La logica addotta sembra essere che gli sciiti sono attualmente in una posizione di forza, ed essa minaccerebbe gli stessi curdi. Di qui, la necessità, secondo Walzer, di scongiurare anche la sottomissione dei sunniti (ad opera dei sciiti) – e ciò, a suo modo di vedere, andrebbe oltretutto nei nostri interessi. L’affermazione è anche condivisibile – se solo Walzer ci spiegasse come giunge a tale conclusione. Resta un mistero in ogni caso la transizione che ci porta attualmente al sostegno dei sunniti. Solo nel 2003, infatti, quelli che fino erano stati traditi da Washington erano gli sciiti. Ed erano costoro che, sotto Saddam, avevano rischiato il massacro. Stando alla logica di Walzer, questa era, al tempo, la comunità da proteggere. Nel 2003, secondo lo studioso, la guerra contro l’Iraq non doveva però essere mossa – Walzer adduceva argomentazioni magari anche corrette, certo in contraddizione con la logica qui esposta.

Ciò che conta, in ogni caso, sono i dubbi che emergono a livello di policy. Tre anni fa, la volontà di “liberare” gli sciiti e i curdi ha portato a quella che Walzer denuncia essere la sottomissione dei sunniti. Ora, sarebbe necessario sostenere i sunniti contro gli sciiti. La domanda è semplice: e quando i sunniti saranno di nuovo i più forti? Stanto a Walzer, dovremo difendere chi verrà minacciato. E’ palmare che immischiandosi in una simile avventura, si rischia di restare imprigionati in una spirale dalla quale è impossibile districarsi. Soprattutto perché agendo sulla base di un senso di giustizia, difficilmente si soddisferanno esigenze di stabilità. Il caso serbo-kossovaro insegna. Nell’approccio liberale normativo di Walzer, secondo il quale gli uomini sono intimamente dediti al bene, l’evenienza di uno scontro perenne tra fazioni viene scartato. L’assunzione è che, una volta raggiunta la giustizia, si otterrà anche la pace. L’evidenza empirica sembra indicare un’altra verità, meno rosea e più brutale – una volta raggiunta la giustizia, i popoli perpetrano l’ingiustizia nei confronti degli altri.
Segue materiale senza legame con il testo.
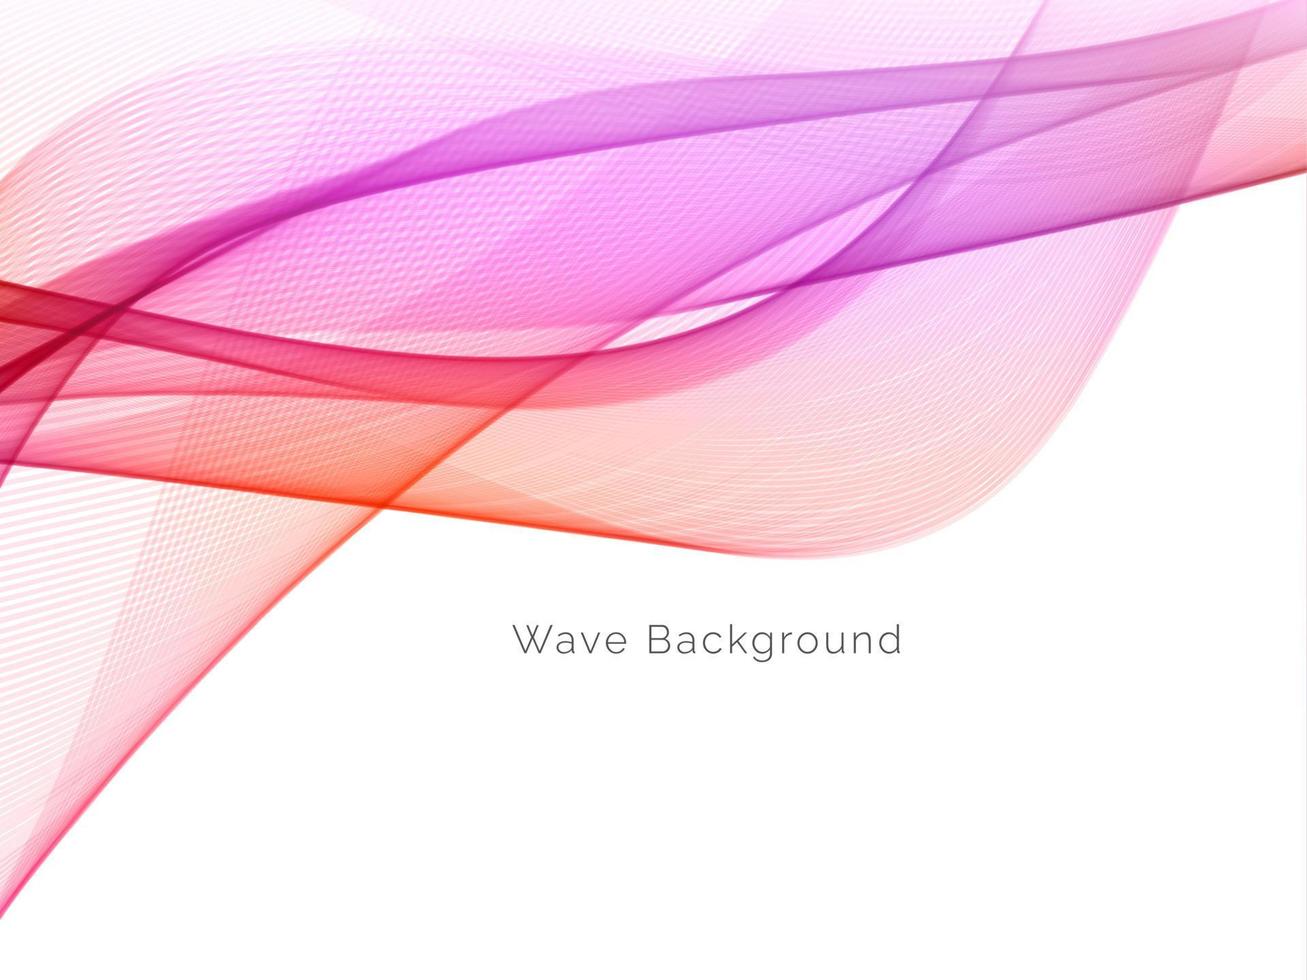 fundo abstrato colorido do estilo da onda de movimento vetor

In conclusione, nella sua analisi Walzer tiene in considerazione tanti fattori tranne quello fondamentale – gli interessi americani, il metro per decidere se e quanto a lungo rimanere o meno in Iraq.

Gli interessi degli Stati Uniti devono infatti essere il perno sul quale far girare ogni tipo di considerazione etica – quale il futuro dei sunniti, dei curdi o dei democratici iracheni. Ogni valutazione che diverga da questo punto sarà infruttifera, nel migliore dei casi, altrimenti controproducente.

Scegliendo questa strada, forse, c’è il rischio di compiere scelte moralmente deprecabili. Può darsi. Ma non si vedono altre soluzioni. Difficilmente il popolo americano sarà disposto a far morire i suoi soldati per il bene di altri popoli se non avrà in cambio un guadagno materiale e tangibile – una conseguenza positiva. Proteggere ora chi domani non può essere salvato, sulla base di imperativi morali, non è infatti una soluzione.

Come già ricordato, la bontà delle intenzioni non dà alcuna garanzia sia sul successo delle politiche che essa ispira che sulla bontà dei loro risultati. Meglio rimanere consequenzialisti, magari per un po’ più di un momento.